Gardiman Massimo, De Rosso Mirko, De Marchi Fabiola, Flamini Riccardo
Council for Agricultural Research and Economics - Research Center for Viticulture & Enology (CREA-VE), Conegliano (TV), 31015, Italy.
Metabolomics. 2023 Mar 28;19(4):25. doi: 10.1007/s11306-023-01997-w.
Prosecco wine production has been strongly extended in the last decade and several new clones have been introduced. "Glera" (minimum 85%) and "Glera lunga" are grape varieties of great economic impact used to produce Prosecco wines. Study of grape berry secondary metabolites is effective in the classification of vine varieties and clones. High-resolution mass spectrometry provides complete panorama of these metabolites in single analysis and coupling to statistical multivariate analysis is successfully applied in vine chemotaxonomy.

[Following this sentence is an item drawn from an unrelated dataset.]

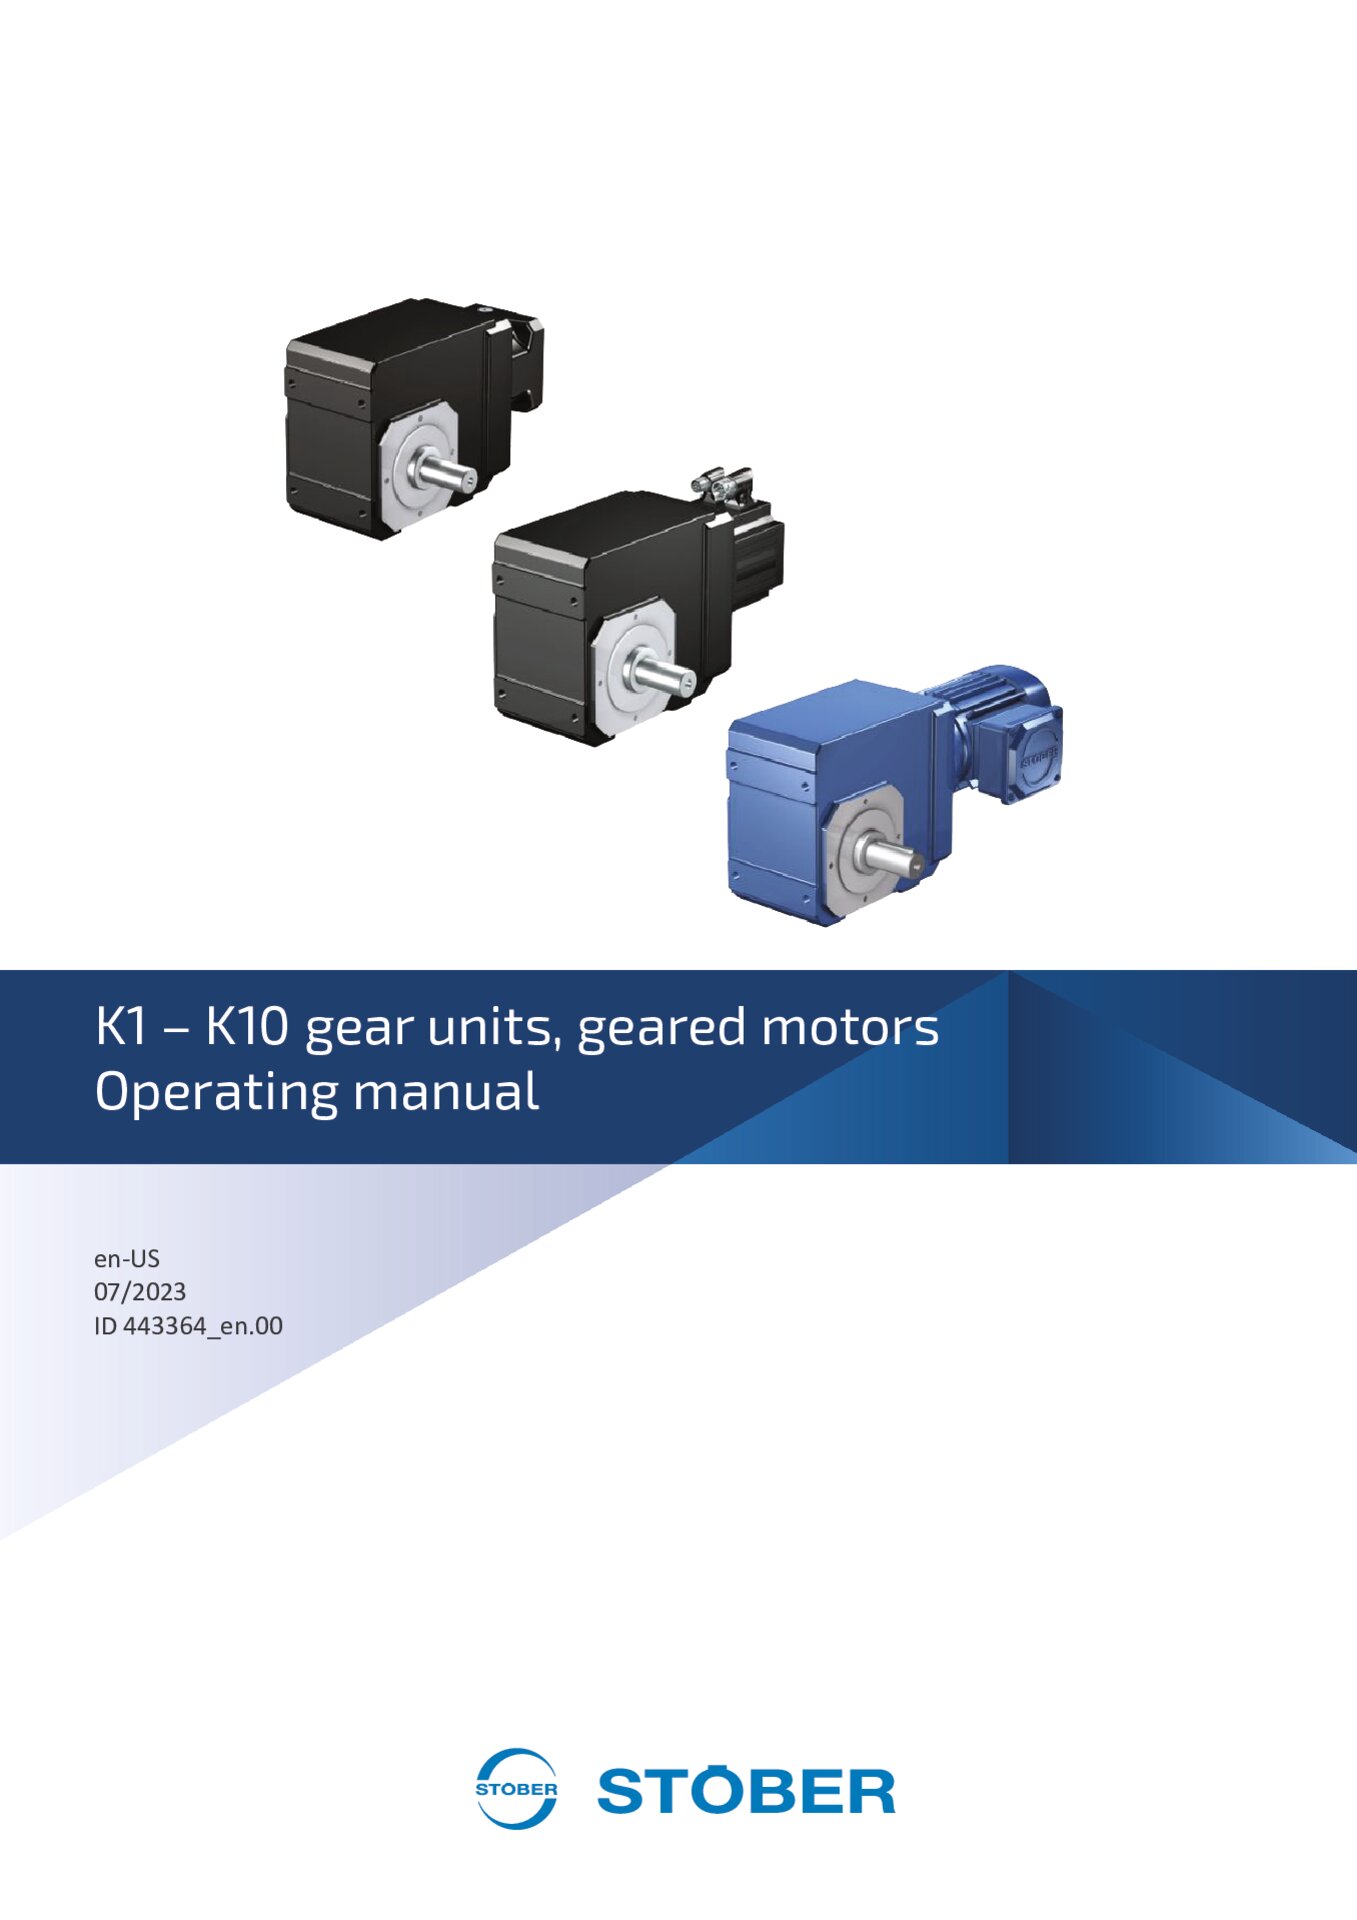 Operating manual K1 - K10 gear units and geared motors

update and deepen the knowledge on the "Glera" and "Glera lunga" berry grapes chemotaxonomy and investigate some of the most produced and marketed clones by using the modern analytical and statistical tools.
five clones of "Glera" and two of "Glera lunga" grown in the same vineyard with same agronomical practices were studied for three vintages. Grape berry metabolomics was characterized by UHPLC/QTOF and multivariate statistical analysis was performed on the signals of main metabolites of oenological interest.

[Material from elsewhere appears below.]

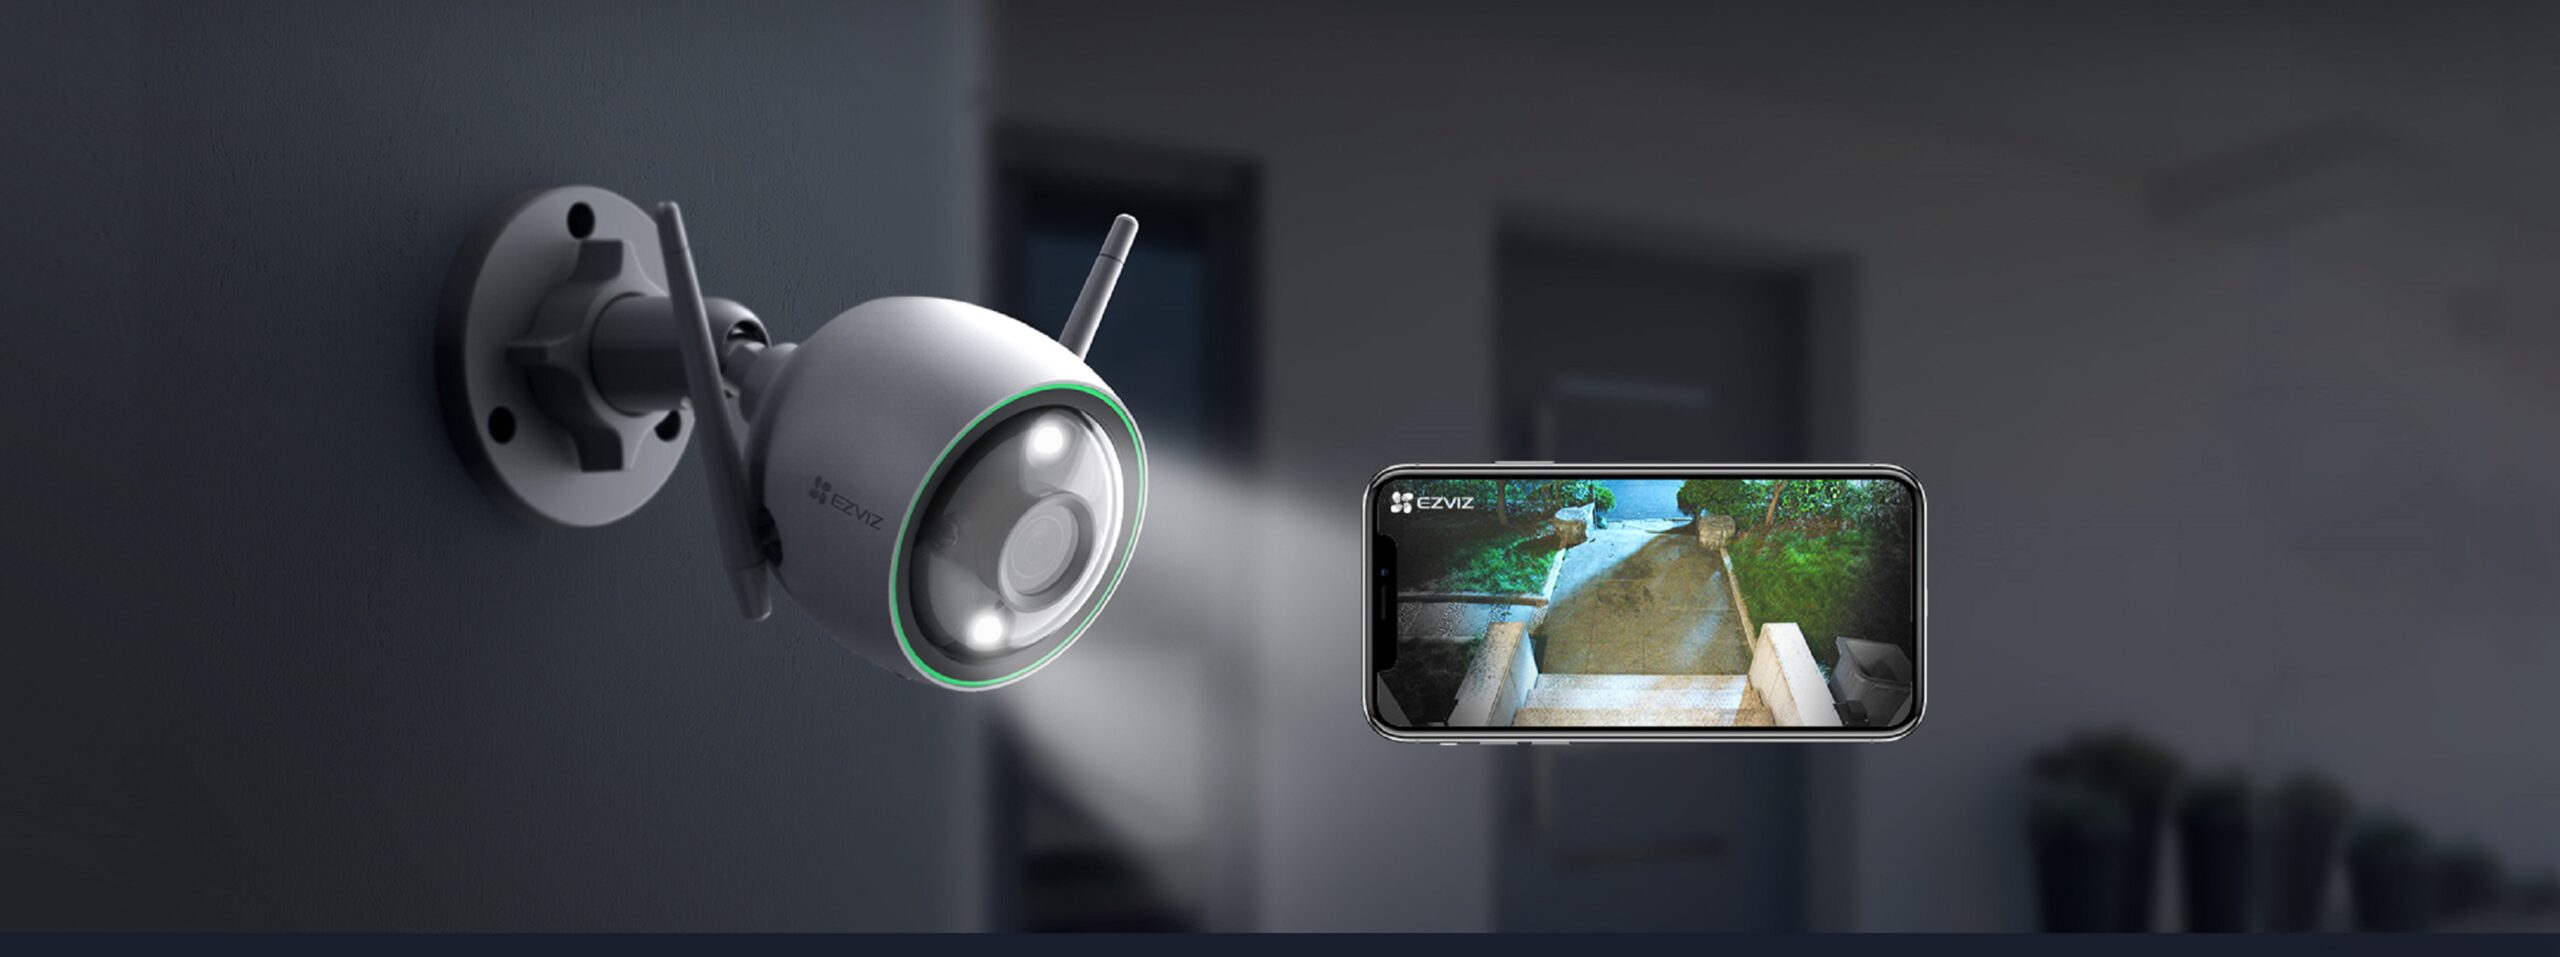 marcas como EZVIZ han desarrollado sistemas de vigilancia de última tecnología que se acomodan a las necesidades de los hogares

"Glera" and "Glera lunga" showed different monoterpene profiles ("Glera" is richer in glycosidic linalool and nerol) and differences in polyphenols (catechin, epicatechin and procyanidins, trans-feruloyltartaric acid, E-ε-viniferin, isorhamnetin-glucoside, quercetin galactoside). Vintage affected the accumulation of these metabolites in berry. No statistical differentiation among the clones of each variety, was found.
Coupling HRMS metabolomics/statistical multivariate analysis enabled clear differentiation between the two varieties. The examined clones of same variety showed similar metabolomic profiles and enological characteristics, but vineyard planting using different clones can result in more consistent final wines reducing the vintage variability linked to genotype × environment interaction.
在过去十年中,普罗塞克葡萄酒的产量大幅增长,并且引入了几个新的克隆品种。“格雷拉”(最低85%)和“长格雷拉”是用于生产普罗塞克葡萄酒的具有重大经济影响的葡萄品种。对葡萄浆果次生代谢产物的研究有助于葡萄品种和克隆品种的分类。高分辨率质谱法在单次分析中就能提供这些代谢产物的完整全景图,并且与统计多变量分析相结合已成功应用于葡萄化学分类学。
更新并深化对“格雷拉”和“长格雷拉”浆果葡萄化学分类学的认识,并使用现代分析和统计工具研究一些产量最高且市场上销售的克隆品种。
对在同一葡萄园采用相同农艺措施种植的5个“格雷拉”克隆品种和2个“长格雷拉”克隆品种进行了三个年份的研究。通过超高效液相色谱/四极杆飞行时间质谱对葡萄浆果代谢组学进行表征,并对酿酒学感兴趣的主要代谢产物的信号进行多变量统计分析。
“格雷拉”和“长格雷拉”表现出不同的单萜类化合物谱(“格雷拉”中糖苷形式的芳樟醇和橙花醇含量更高)以及多酚类物质的差异(儿茶素、表儿茶素和原花青素、反式阿魏酰酒石酸、E - ε - 葡萄素、异鼠李素 - 葡萄糖苷、槲皮素半乳糖苷)。年份影响了这些代谢产物在浆果中的积累。未发现每个品种的克隆之间存在统计学差异。
高分辨率质谱代谢组学与统计多变量分析相结合能够清晰地区分这两个品种。同一品种的受试克隆品种表现出相似的代谢组学特征和酿酒学特性,但使用不同克隆品种进行葡萄园种植可以使最终葡萄酒更加稳定,减少与基因型×环境相互作用相关的年份变异性。